The seed we mix this winter—purple needle grass and nodding stipa, coyote bush and coastal sage, Chinese houses and owl’s clover—was gathered in late summer, walking the ridges and lowland meadows of Redwood Creek and Gospel Flats. As I beat clouds of ripe, wildland seed into an old pillowcase, I was picky, careful not to gather the renegade weed species of Europe, the Scotch broom and foxtail barley. These non-native plants also cloak the headland bluffs, choking out the local vegetation and creating a fire hazard. When I remember, I carry a burlap sack and cut off the ripe seed-heads of these invaders so they will not reproduce.

Now in the short light of winter we work in a circle, in silence, a guild of friends making seed balls. Three-year-old Sabrina mixes seed with a sixty-year-old Zen monk. First, the ripe seeds are coated with dry soil from the bottom of an old compost pile. This raw soil is loaded with myccorhizae ready to go to work. Next we sift red clay dust over the mix and moisten the whole lot with water. Soon we are elbow-deep in seed and clay gumbo. When the mass coheres, we pinch off tiny pieces and roll them out between our hands into half-inch diameter clay balls, stuffed with seed.

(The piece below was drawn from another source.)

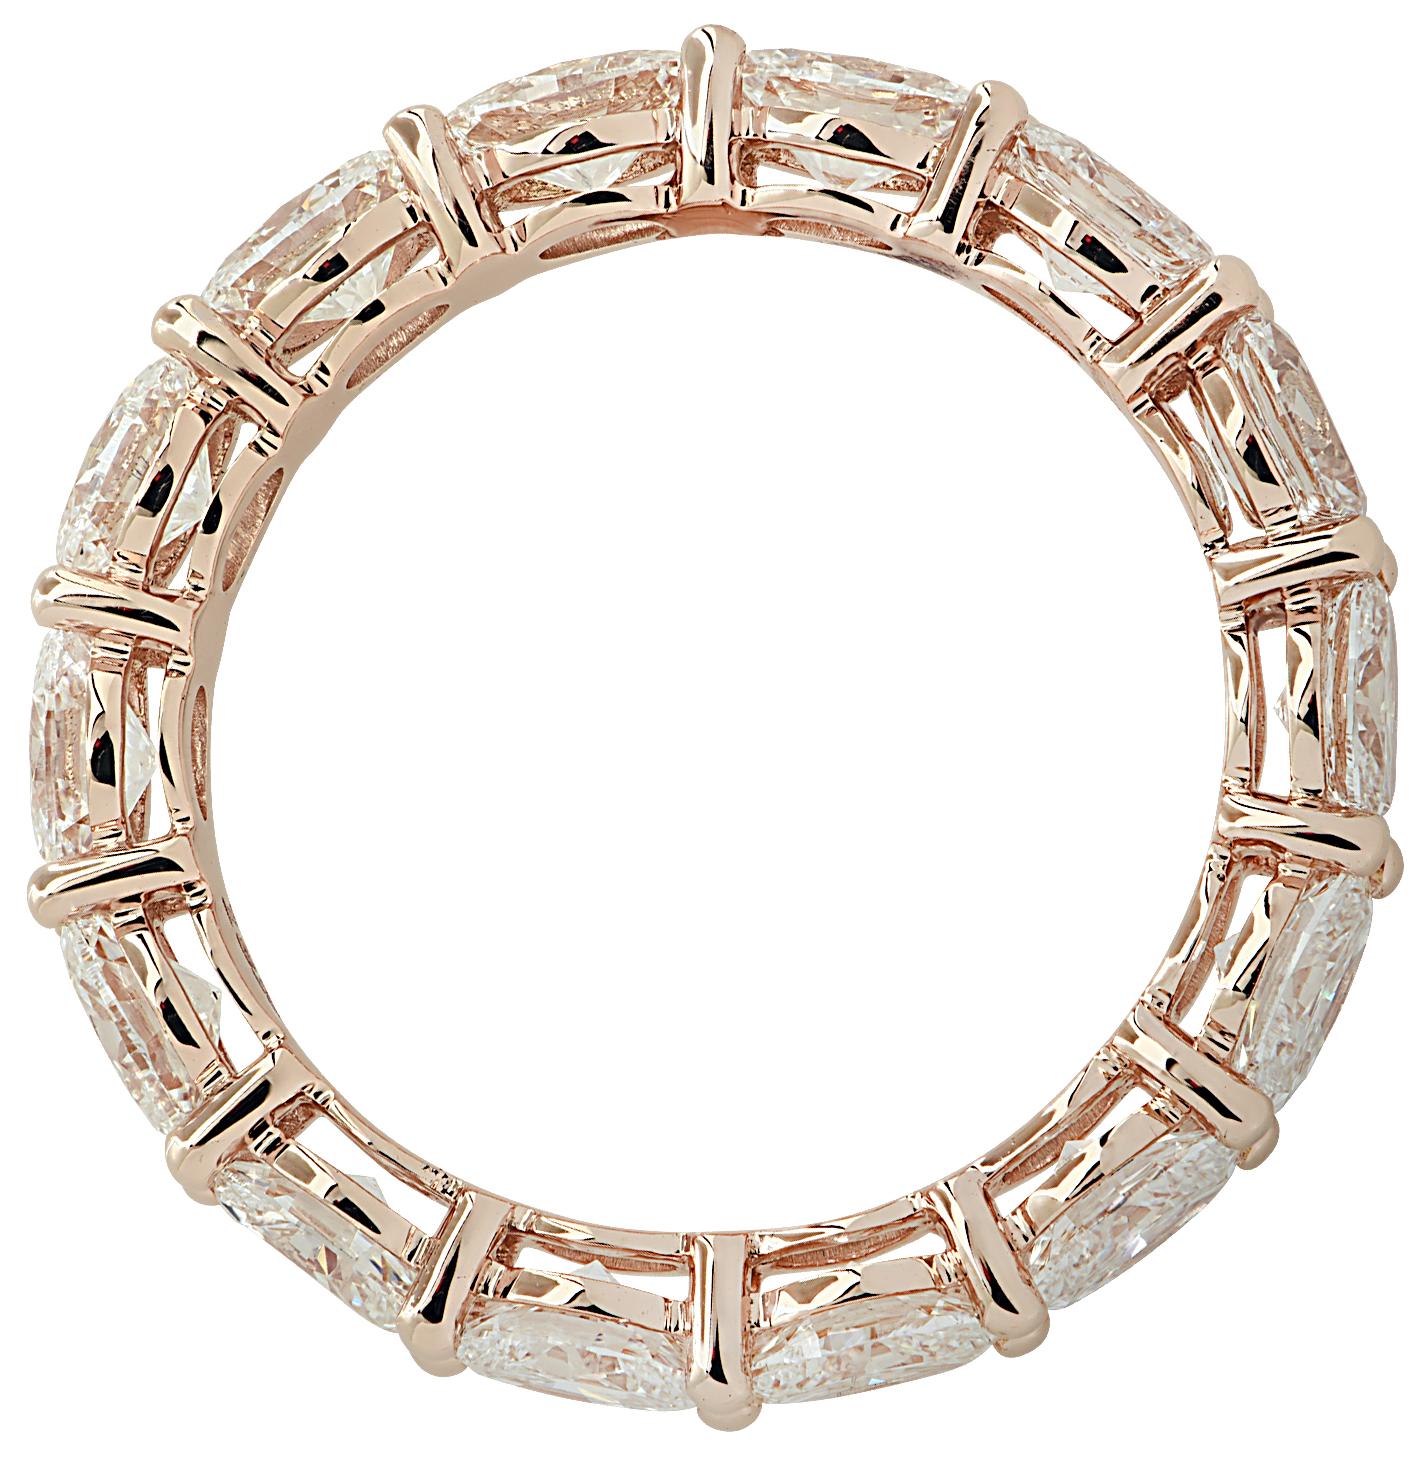 Stunning Vivid Diamonds East-West Eternity Band crafted in 18 karat Rose Gold, featuring 14 oval cut diamonds weighing 2.65 carats total, D-E color, VVS clarity. These fine diamonds are seamlessly set, east-west, in a modern take on the classic

These clay seed balls are living models of entire ecosystems; shaped by human hands, they nevertheless carry the signature of their native habitat. In a few days we will fan out over the blackened flanks of Mount Vision, scattering seed. The clay balls will sleep on the earth until their protective shells grow soft with rain and threadlike roots burrow through into burned soil. Green blades will unfurl their flags overhead, heralding a non-repeating universe mixed from a handful of dust.